RECORDS SHOWN:
==================================================
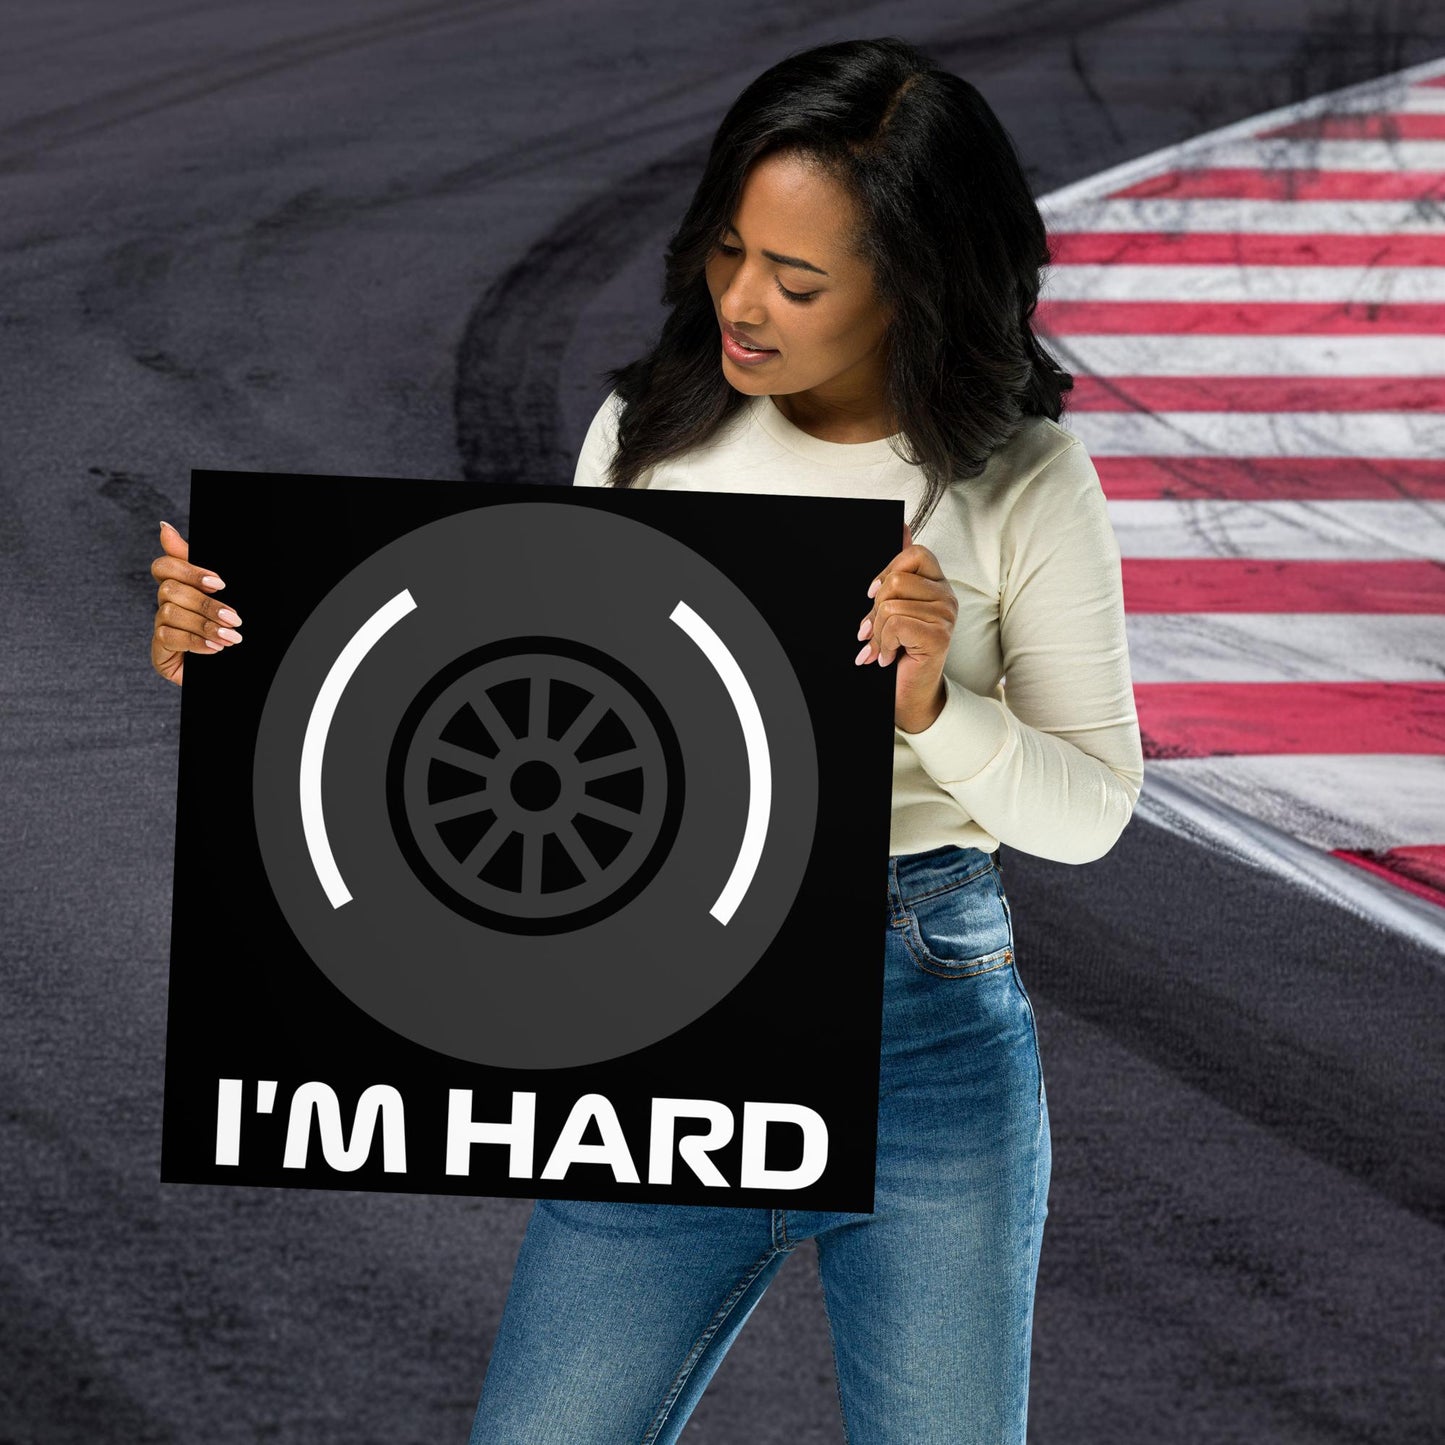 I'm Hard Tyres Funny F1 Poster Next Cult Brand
==================================================
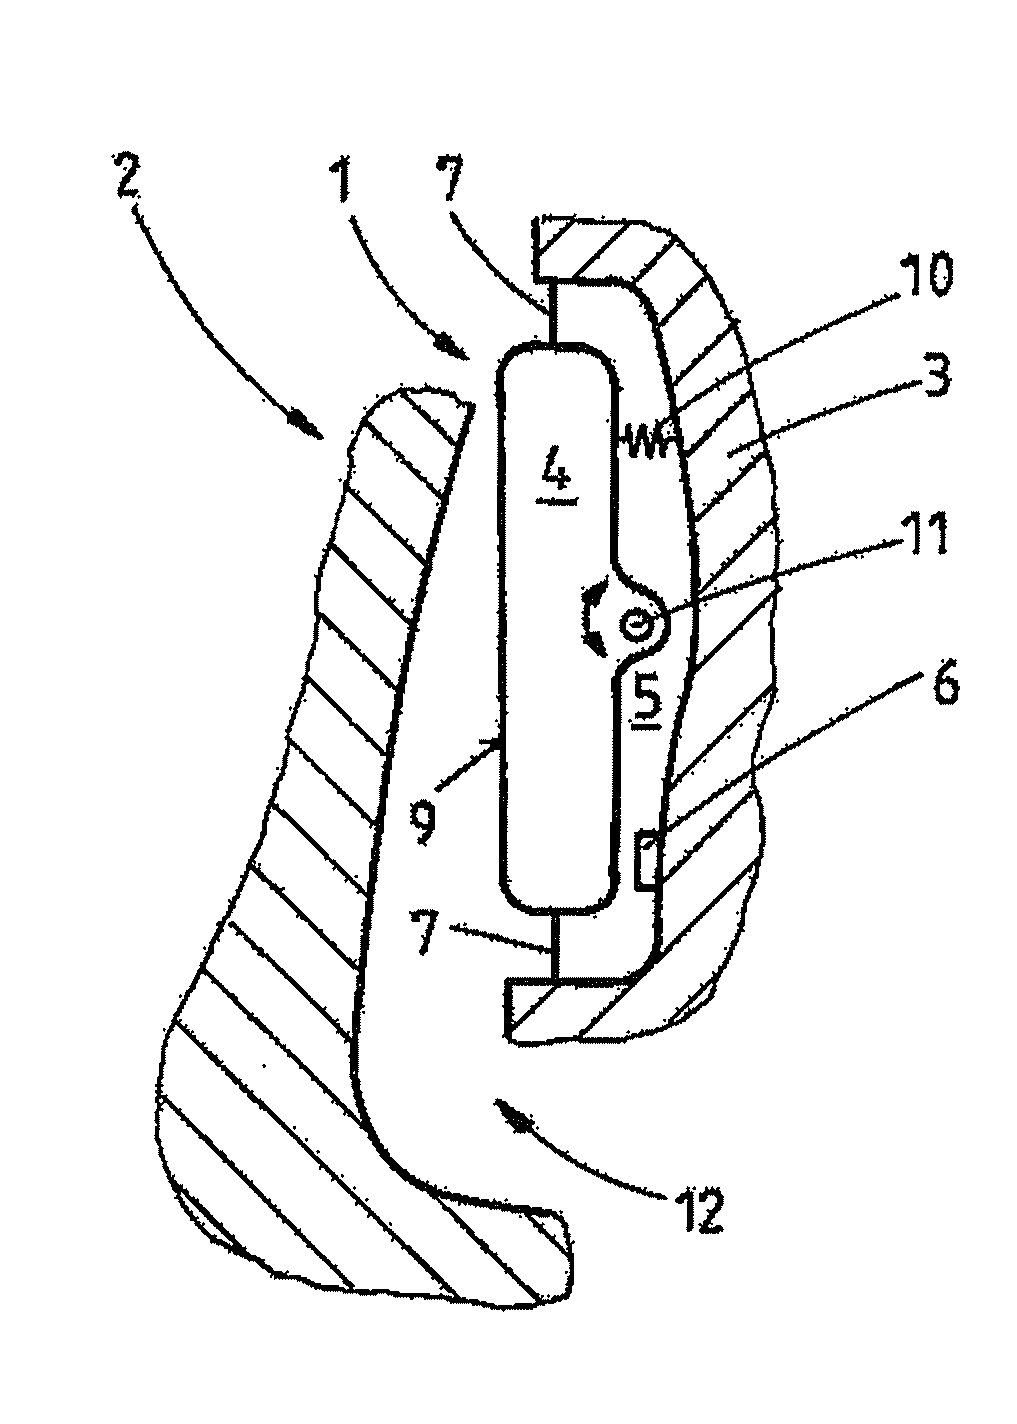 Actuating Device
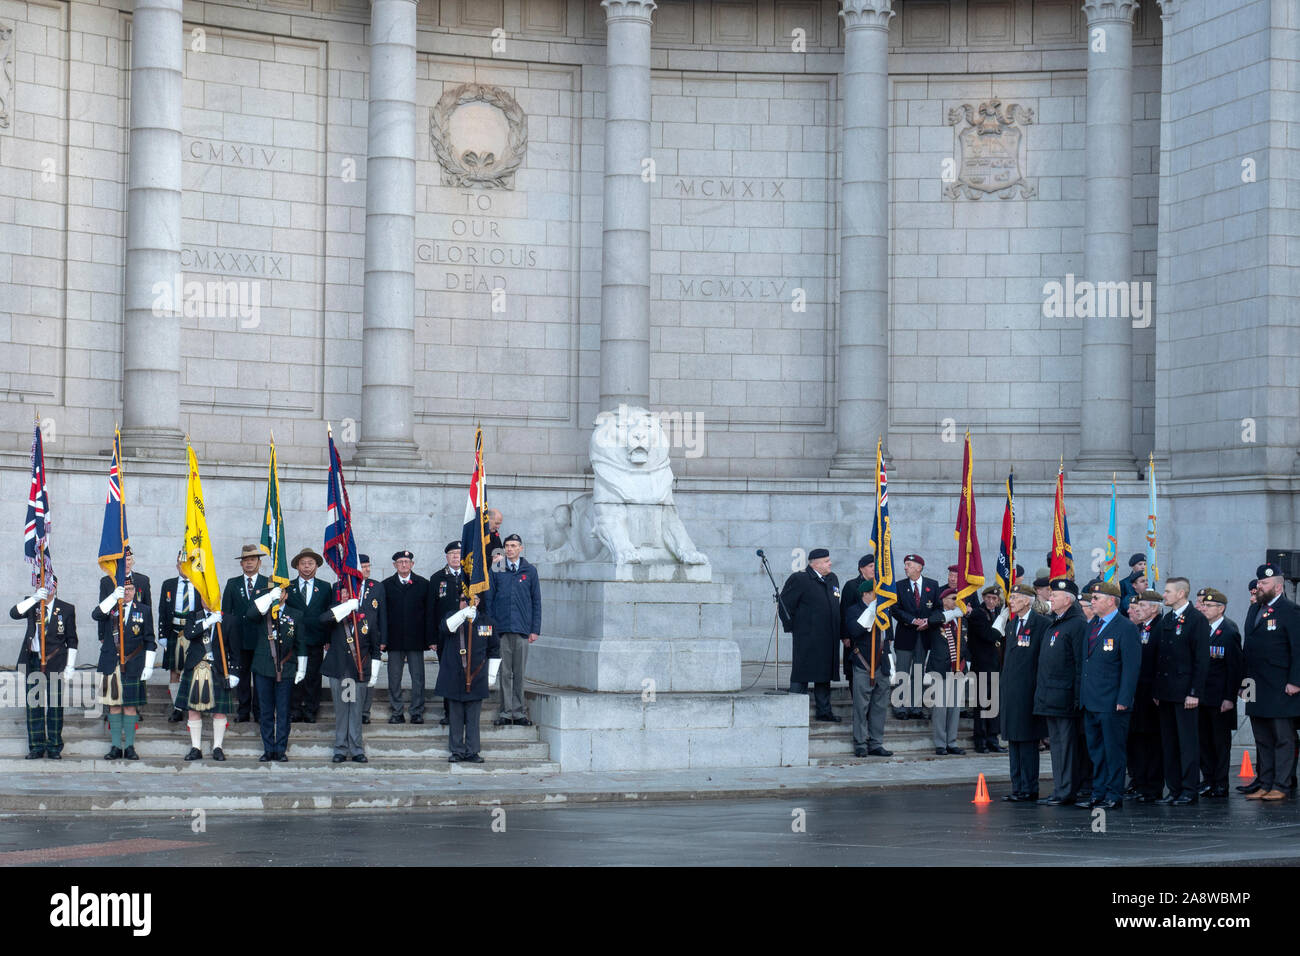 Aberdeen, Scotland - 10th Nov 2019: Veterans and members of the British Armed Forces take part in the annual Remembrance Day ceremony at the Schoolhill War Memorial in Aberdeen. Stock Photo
==================================================
Using the records above, return word for word the lines that begin at the one containing "Actuating Device" and end at the one containing "Aberdeen, Scotland - 10th", both of them included and no pictures.

 Actuating Device
 Aberdeen, Scotland - 10th Nov 2019: Veterans and members of the British Armed Forces take part in the annual Remembrance Day ceremony at the Schoolhill War Memorial in Aberdeen. Stock Photo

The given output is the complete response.